Heterogeneity analysis

The Cochrane Q-test was used to statistically examine any heterogeneity [38–40] at a p-value threshold of < 0.10. In addition, I² was calculated using the above-mentioned software (Meta-Essential), with values ranging from 0% (no heterogeneity) to 100% (high heterogeneity) [38–40].

Publication bias

A funnel plot (size effect against standard error) was used to visually assess any publication bias, while Egger’s statistical test was applied to objectively confirm the existence of such bias [40, 41].

Results

Figure-1 shows the PRISMA flow chart for selecting study records on blood or tissue (brain) ChE inhibition caused by OP or CA insecticides in experimental animals treated with diphenhydramine. Initially, the search strategy retrieved 32 studies involving diphenhydramine use, either therapeutically in humans or animals or experimentally in animals suffering from OP or CA poisoning. The final list of selected records (n = 18) for the meta-analysis included those from five articles and one thesis (Figure-1 and Table-1). They specifically involved inhibition of ChE activities in the blood or whole brain of experimental animals (mice, rats, and young chicks) under the influence of OP or CA insecticide with or without concomitant diphenhydramine therapy. These records were published between 1996 and 2022 (Table-1). The insecticides used in the selected studies were the OP dichlorvos in mice [31], rats [15], and chicks [20, 21], or the CA methomyl in rats [14] or carbaryl in chicks [22]. The cumulative number of experimental animals with OP or CA insecticide intoxication in the selected studies was 103 for the diphenhydramine treatment and also 103 for the control one (Table-1). The enzyme sources were PChE, EChE, and BChE, comprising 94, 34, and 78 samples, respectively (Table-1).

Meta-analysis

Using the random-effects model, a two-group meta-analysis of these records revealed that the combined effect size (ChE inhibition) was significantly more favorable in the control group, as shown by the forest plot, indicating the value of diphenhydramine for treating OP or CA poisoning (Figure-2). This value was conferred via lower ChE inhibition than in the control group. The related statistics were as follows: combined effect size (standardized mean difference) 0.67, standard error 0.3, lower limit 0.04, upper limit 1.29, and Z value 2.24 with a two-tailed p-value of 0.025. The percentages of weights of individual records obtained from the forest plot were close to each other and ranged from 4.41% to 6.25% (Figure-2).

Heterogeneity analysis

We used Cochrane Q-test and the I² index to examine the heterogeneity among the studies of this random-effects model of meta-analysis (Figure-2).
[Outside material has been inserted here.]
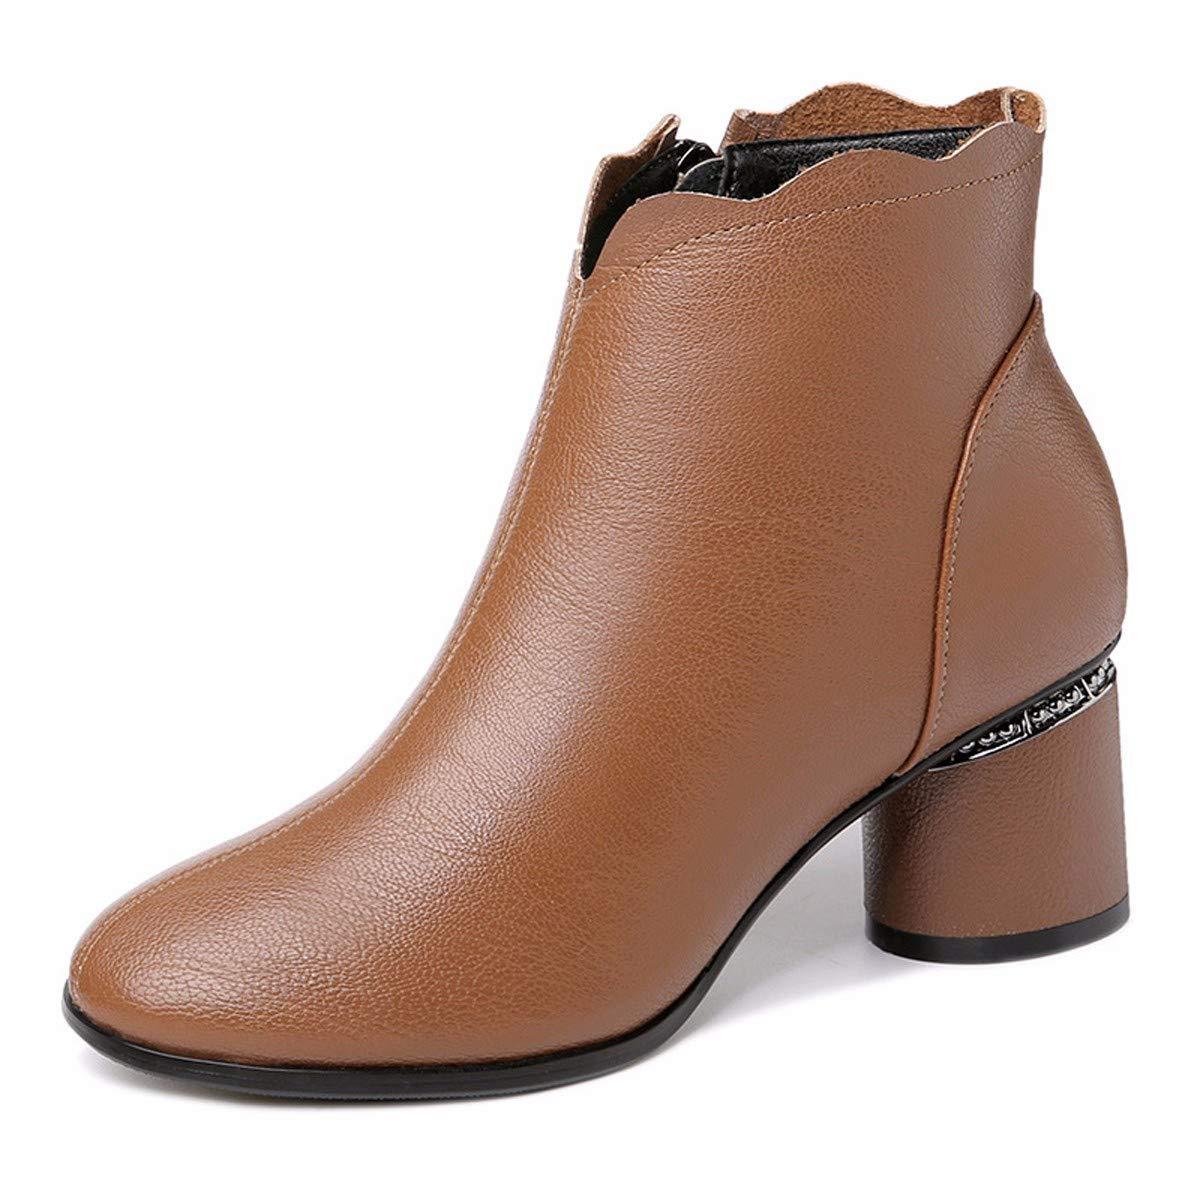 KPHY Damenschuhe Meine Damen Mode - Stiefel Kurze Stiefeln Dicken Absätzen 6 cm High Heels SAMT Runde Kopf Reißverschlüsse.

The heterogeneity I² index (with T2 and T values of 1.04 and 1.02, respectively) of the combined effect size was 74%, indicating a moderate degree of heterogeneity, which was also confirmed to be statistically significant using the Cochrane Q-test (Q = 65, p < 0.0001).

Drapery plot

In addition to the forest plot, a drapery plot with proposed confidence intervals was applied to these data (using Meta-Mar software). The drapery plot (Figure-3) provided support for this meta-analysis based on the p-value functions of each record (confidence curve, Y axis = p values; X axis = effect size). Furthermore, Figure-3 shows meta-analysis estimates, and the shaded area depicts a prediction region for a single future study, suggesting the possibility of a shift of the point of effect size toward the diphenhydramine intervention.

Figure-3 — Drapery plot of the records of comparison of cholinesterase inhibition in the plasma, erythrocytes or brain of experimental animals (mice, rats, and chicks) intoxicated with organophosphate or carbamate insecticides treated with diphenhydramine or with saline as untreated controls. The plot shows p-value function (confidence curve) for individual records as well as meta-analysis estimates, and the shaded area depicts a prediction region for a single future study.

Subgroup analysis

To identify the cause of heterogeneity, subgroup analysis was conducted. The related forest plot with the associated statistics is depicted in Figure-4. With BChE inhibition, the heterogeneity (I²) became 5% (Q = 5, p < 0.384), compared with equivalent PChE and EChE values of 84% (Q = 45, p < 0.0001) and 78% (Q = 14, p < 0.003), respectively. Correspondingly, the weight of BChE in the subgroup analysis was 81%, compared with 12% for PChE and 7% for EChE.

Figure-4 — Subgroup analysis and related forest plots to identify the cause of heterogeneity of the records of comparison of cholinesterase inhibition in the plasma cholinesterase, erythrocytes cholinesterase, or brain cholinesterase of experimental animals (mice, rats, and chicks) intoxicated with organophosphate or carbamate insecticides and treated with diphenhydramine or with saline as untreated controls.

Publication bias (funnel plot)

To examine whether there was publication bias, the funnel plot was visually examined. This indicated no publication bias, given the symmetrical distribution of the effect size points in a limited area of the plot (Figure-5). This conclusion was further objectively and statistically confirmed by Egger’s test, the result of which was not significant (t = 0.59, p = 0.56).

Figure-5 — Funnel plot to identify any publication bias.

Discussion

Studies in humans [23, 24] and animals [9, 25] have demonstrated that diphenhydramine can be used as an alternative, but not a substitute, antidote against poisoning induced by ChE-inhibiting OP or CA insecticides. The antidotal effects of diphenhydramine against poisoning by OP or CA insecticides in experimental animals have been well documented [11–22]. Regarding the proposed mechanism behind the antidotal action of diphenhydramine, this has been attributed to its potent antimuscarinic [9–11] and possibly antinicotinic effects [23]. However, despite the variations in the effects of diphenhydramine on PChE, EChE, or BChE activities in different animal species intoxicated with OP or CA insecticides [14, 15, 20–22, 31], some studies have suggested that diphenhydramine might protect the enzyme from further inhibition by the insecticides [20–22]. The suggested weak inhibitory action of diphenhydramine on ChE activity [32] might contribute to its antidotal property [21, 22, 30].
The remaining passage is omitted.